Sementara itu, Polytron, merek lokal yang baru terjun ke pasar mobil listrik, menunjukkan pertumbuhan yang cukup menggembirakan, dari 12 unit menjadi 29 unit dalam sebulan.
Mobil listrik Polytron G3 dan G3+, dengan harga mulai Rp299 juta, berhasil menarik perhatian pembeli yang mencari EV murah dengan merek yang sudah akrab di telinga masyarakat Indonesia.
Langkah Polytron ini bisa jadi awal kebangkitan merek lokal di dunia kendaraan listrik, meski jalan yang harus mereka tempuh masih panjang.
Volvo, Dari Ikon Keamanan Jadi Korban Tren
Volvo Cars mencatat penjualan 10 unit pada September 2025, turun dari 16 unit bulan sebelumnya. Merek yang dulu dikenal karena reputasi "paling aman di dunia" ini tampaknya kesulitan menemukan tempat di hati konsumen modern Indonesia.

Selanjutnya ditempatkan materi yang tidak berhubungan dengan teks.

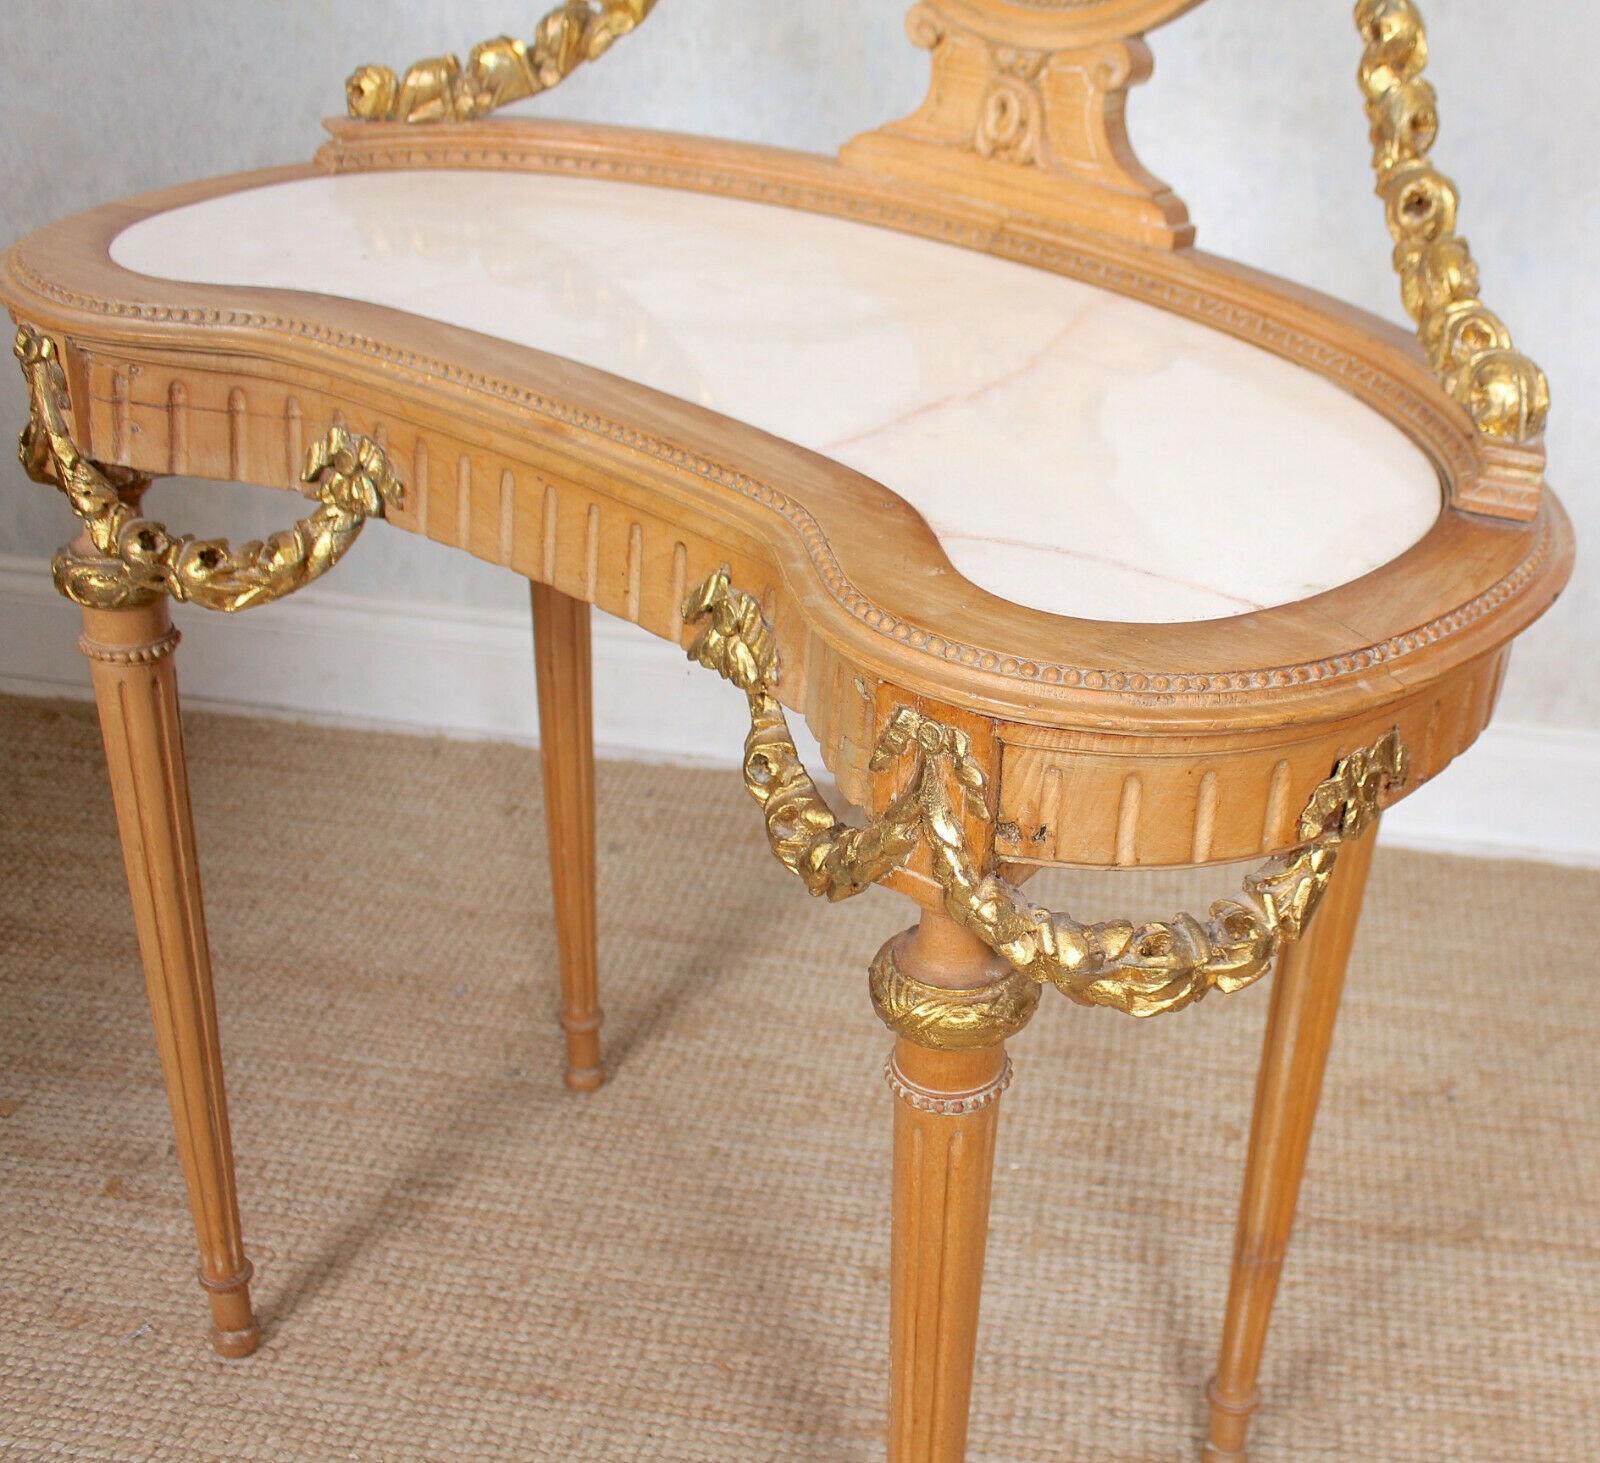 Neoclassical Marble Dressing Table Gilt Mirrored Vanity Satinwood In Good Condition For Sale In Newcastle upon Tyne, GB

Masalahnya bukan pada kualitas. Volvo masih unggul dalam fitur keselamatan dan kenyamanan. Namun citranya kini terlalu "kalem" di tengah pasar SUV yang makin agresif. Konsumen Indonesia lebih suka tampilan gagah dan fitur canggih, sementara Volvo tetap berpegang pada kesan elegan yang understated.
Ironisnya, ketika keamanan dan efisiensi energi justru menjadi isu penting, merek yang paling peduli pada hal itu malah tersingkir dari radar konsumen.
Volkswagen dan Mini, Mewah, Tapi Tak Lagi Relevan
Merek asal Eropa lainnya, Volkswagen dan Mini, juga mengalami nasib serupa.
Volkswagen hanya berhasil menjual 24 unit (turun dari 35 unit), sementara Mini menjual 47 unit, jauh lebih sedikit dari 69 unit pada bulan sebelumnya.
Keduanya menghadapi masalah yang mirip, harga tinggi, aftersales terbatas, dan model yang tidak mengikuti selera lokal.
Volkswagen misalnya, dikenal dengan desain klasik dan performa mantap, tapi jaringan diler dan bengkel resminya masih terbatas di Indonesia. Mini, di sisi lain, memang punya penggemar setia, tapi sulit menarik pembeli baru karena harganya mendekati SUV premium dari Jepang yang lebih besar dan praktis.
Konsumen kini ingin mobil yang "value for money", bukan sekadar bergengsi di jalan.